> **Recorded data**
----------

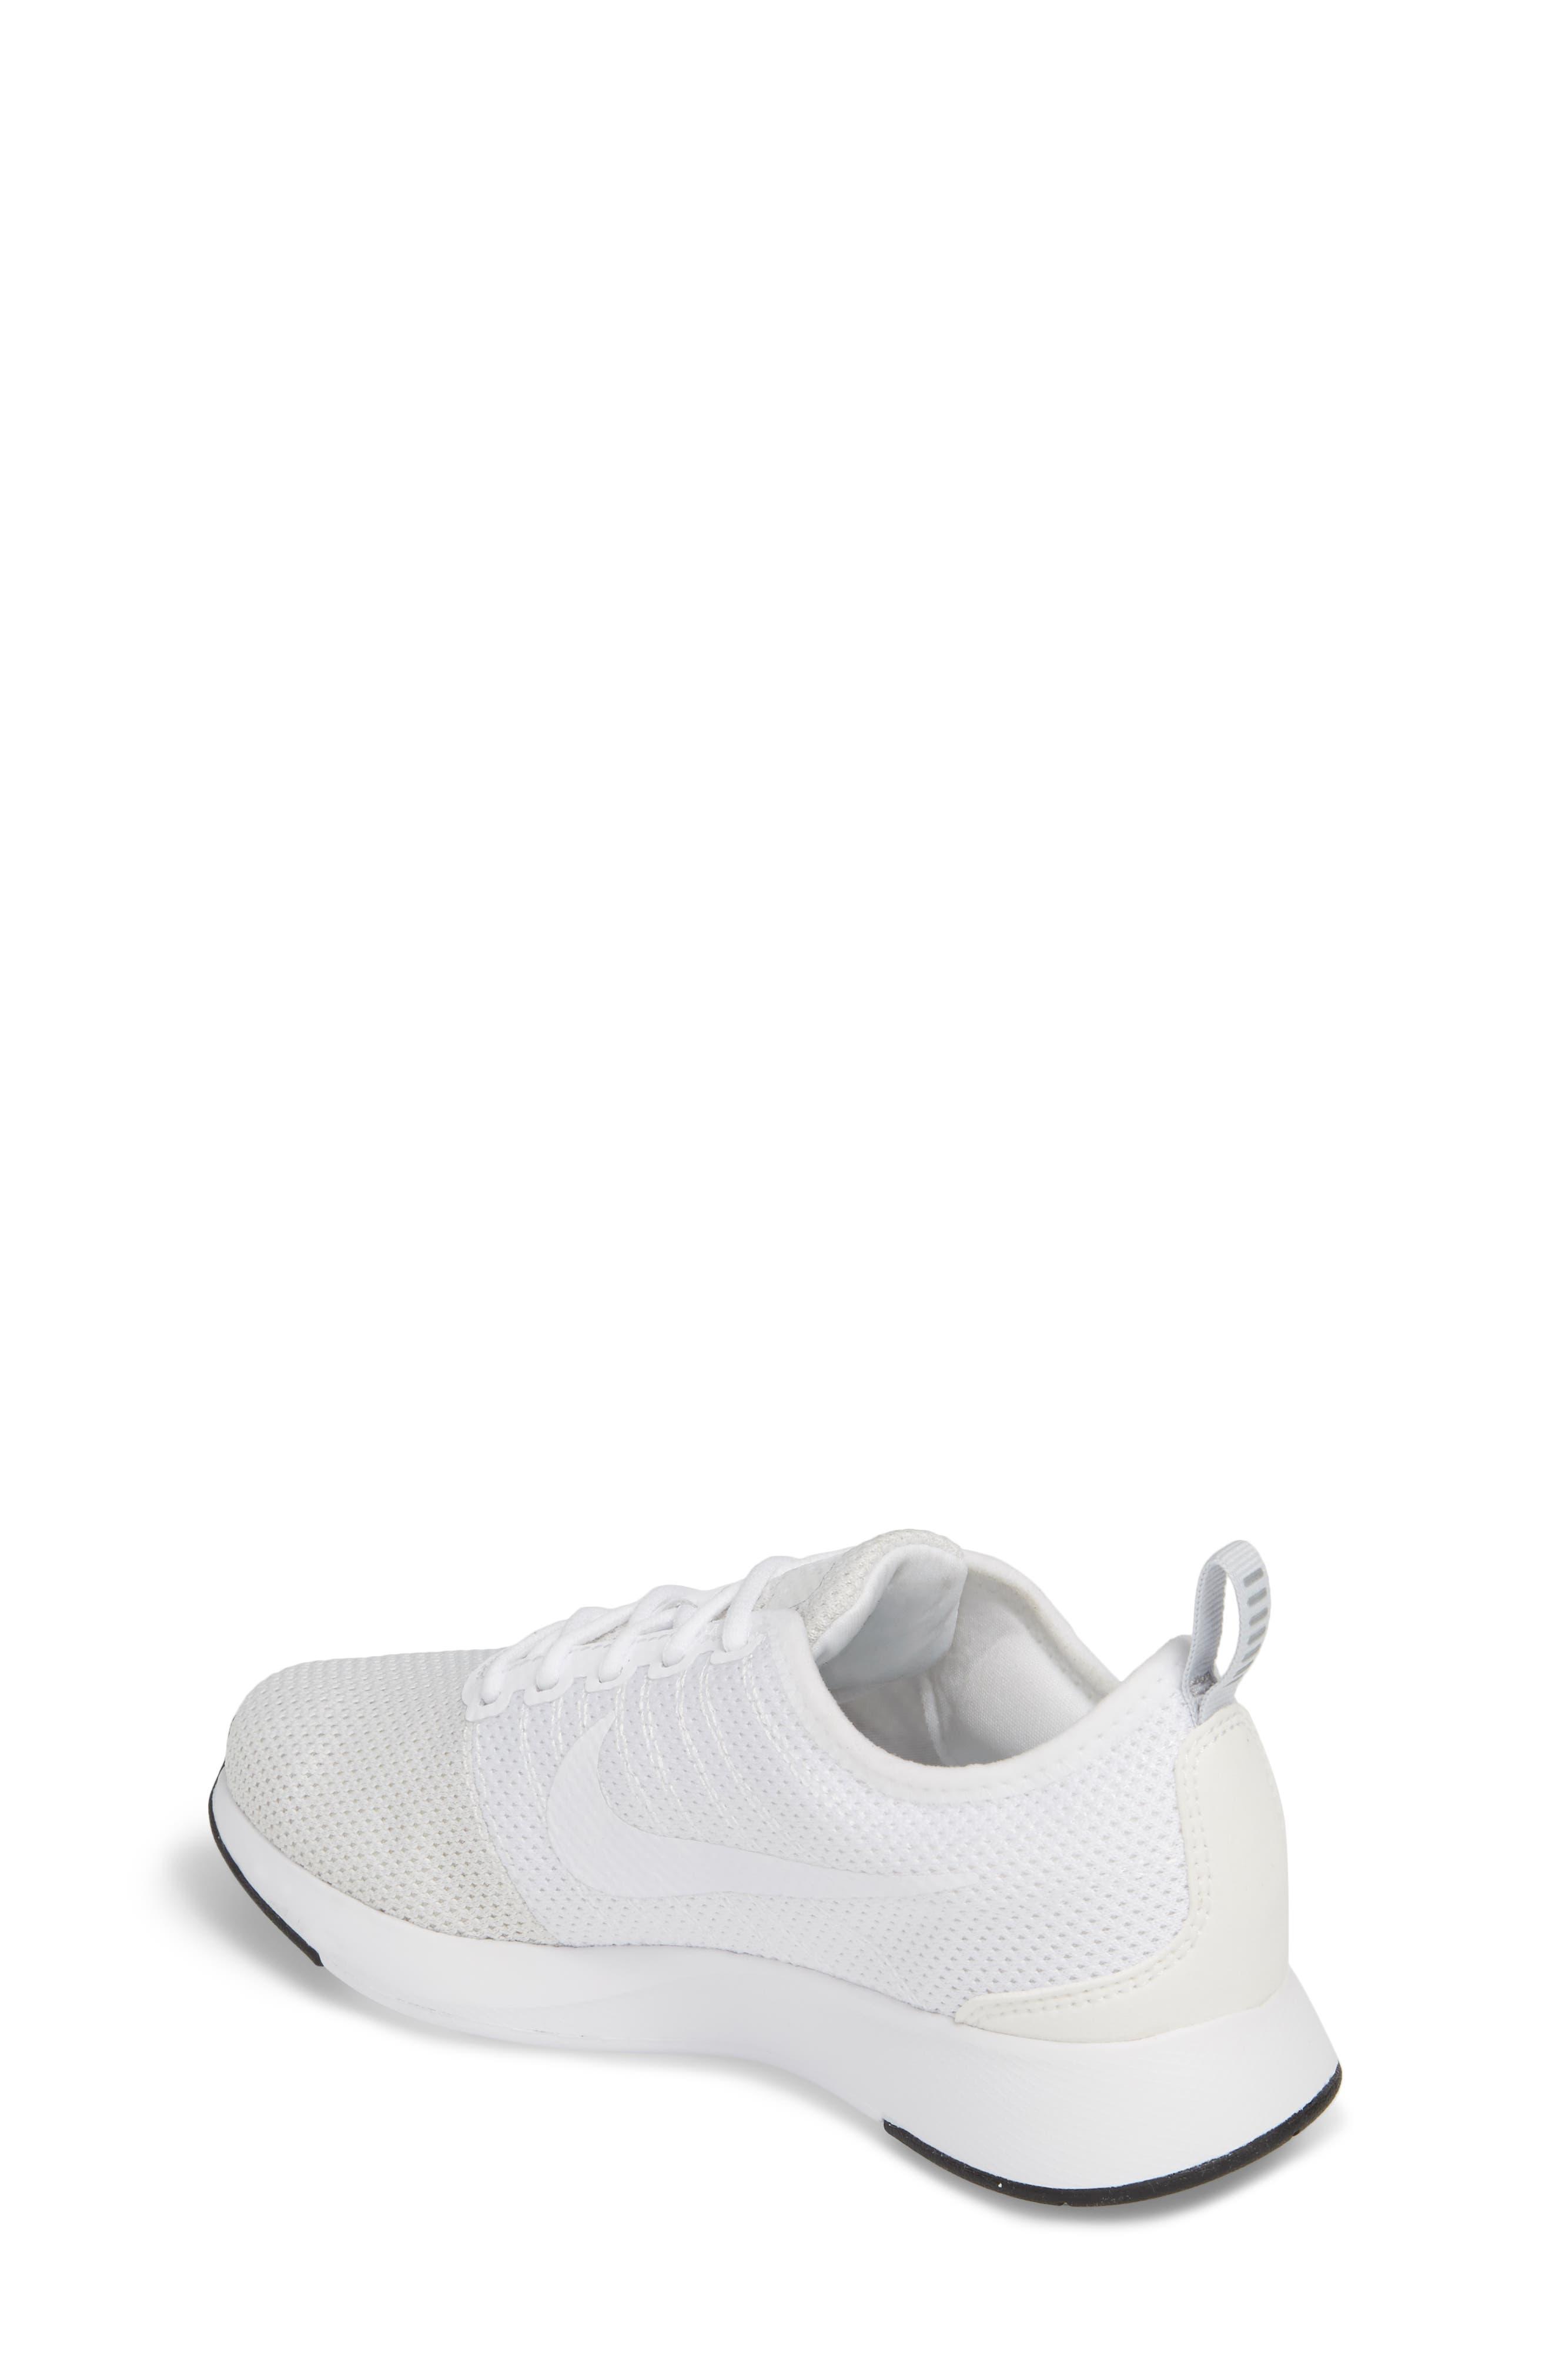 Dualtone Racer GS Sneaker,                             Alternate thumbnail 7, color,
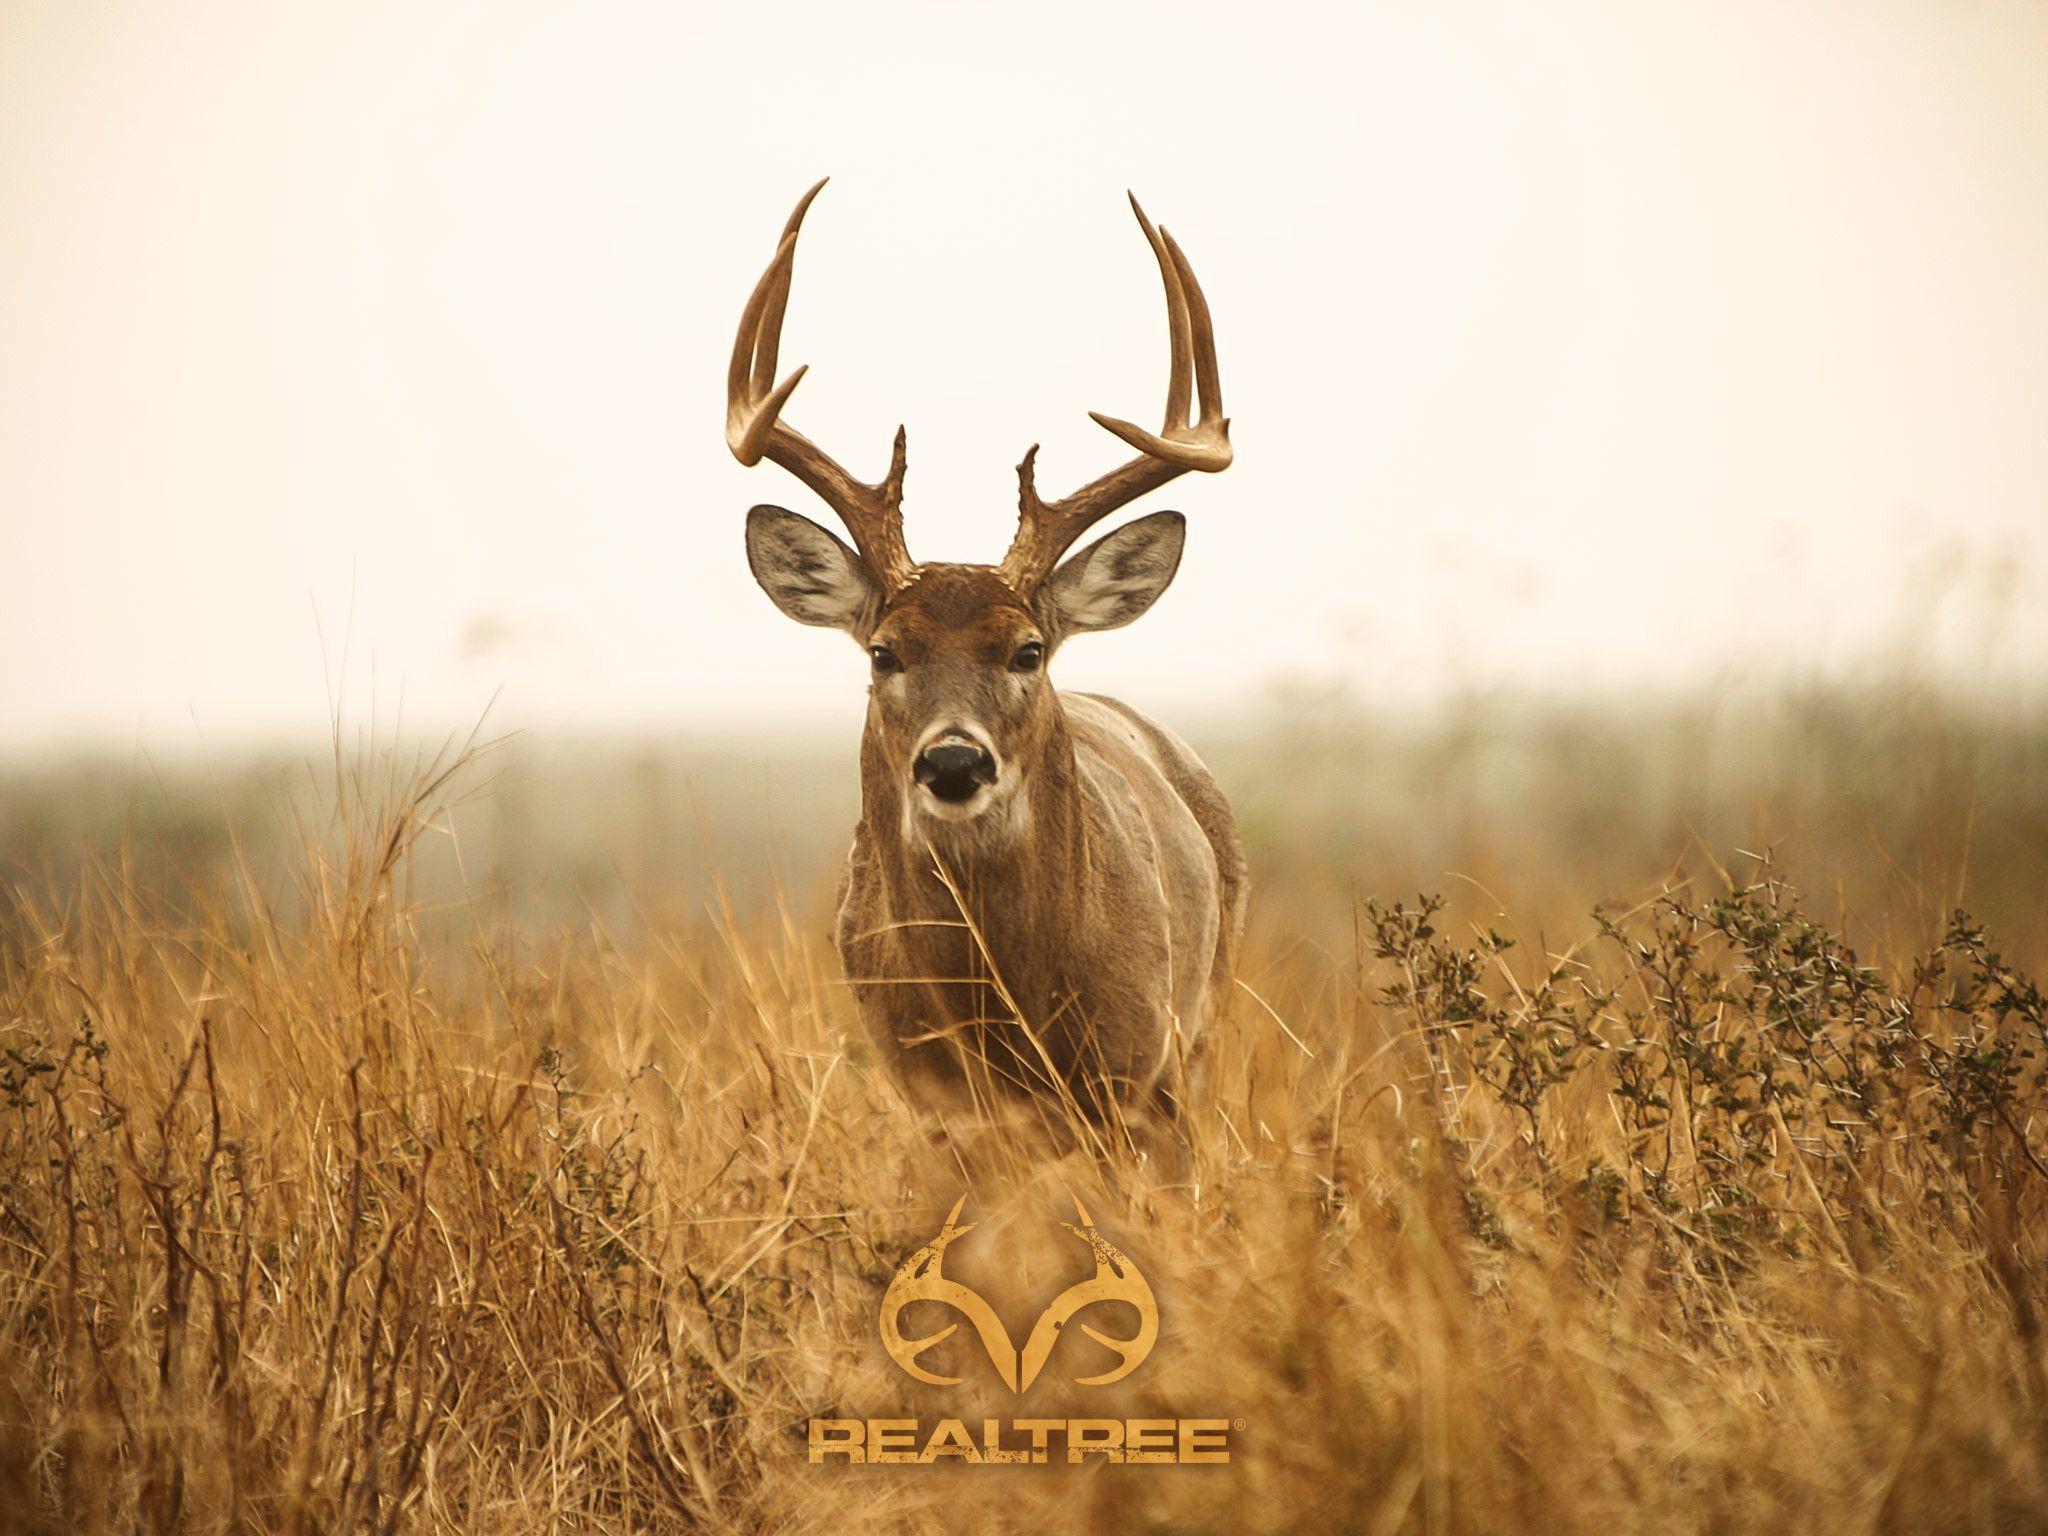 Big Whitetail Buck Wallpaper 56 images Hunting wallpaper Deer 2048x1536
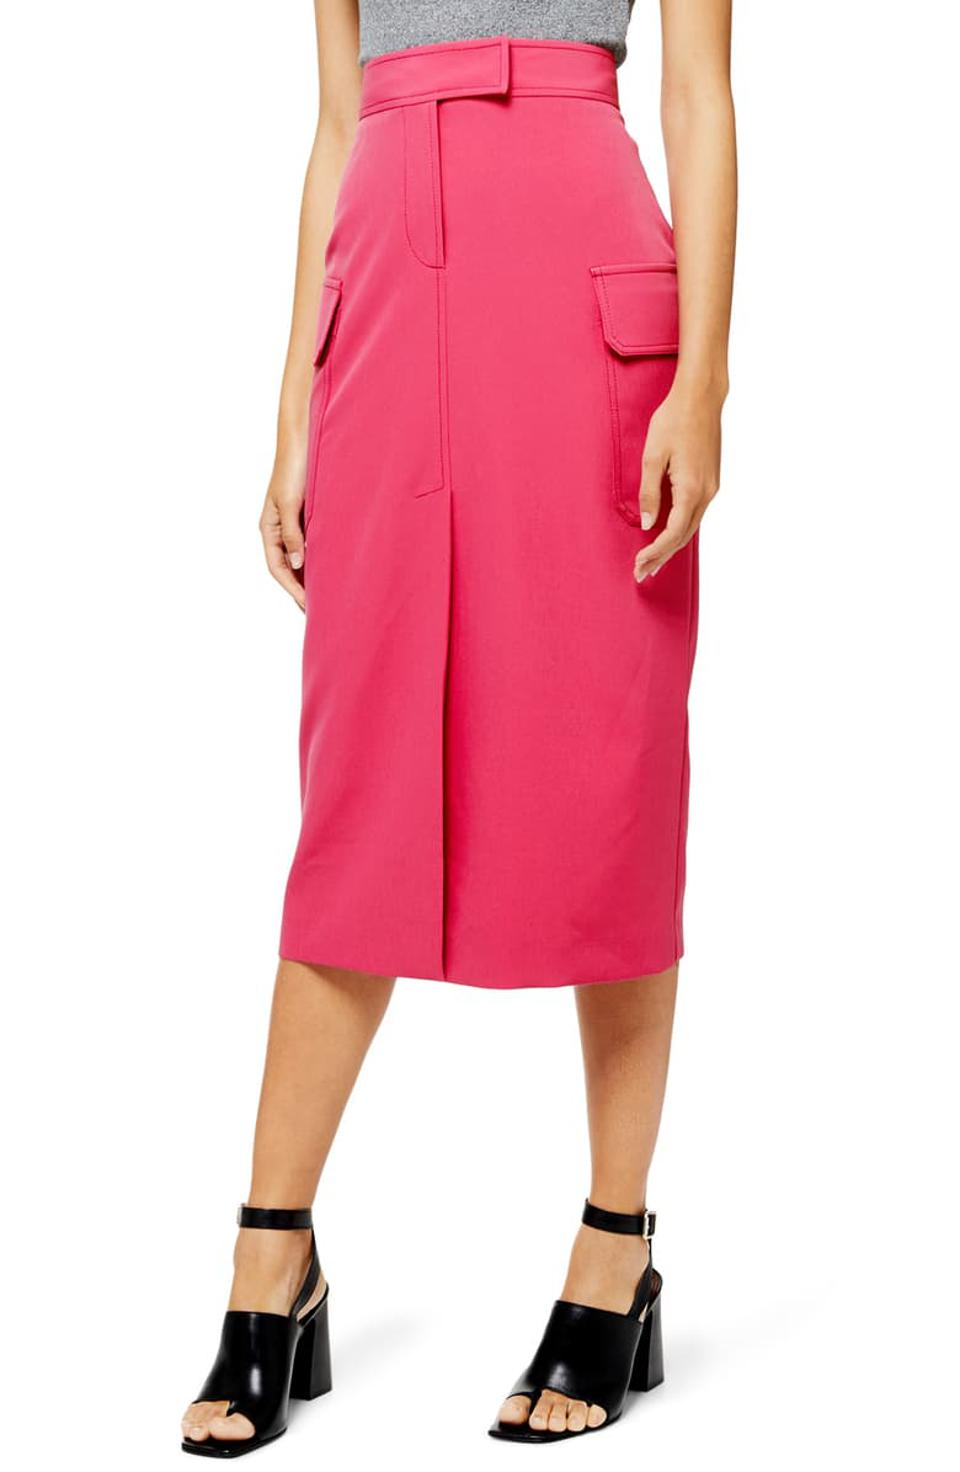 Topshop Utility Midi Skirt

----------

> **Task instructions**
Give the listing again word for word, without its images.

> **Response**
 Dualtone Racer GS Sneaker,                             Alternate thumbnail 7, color,
 Big Whitetail Buck Wallpaper 56 images Hunting wallpaper Deer 2048x1536
 Topshop Utility Midi Skirt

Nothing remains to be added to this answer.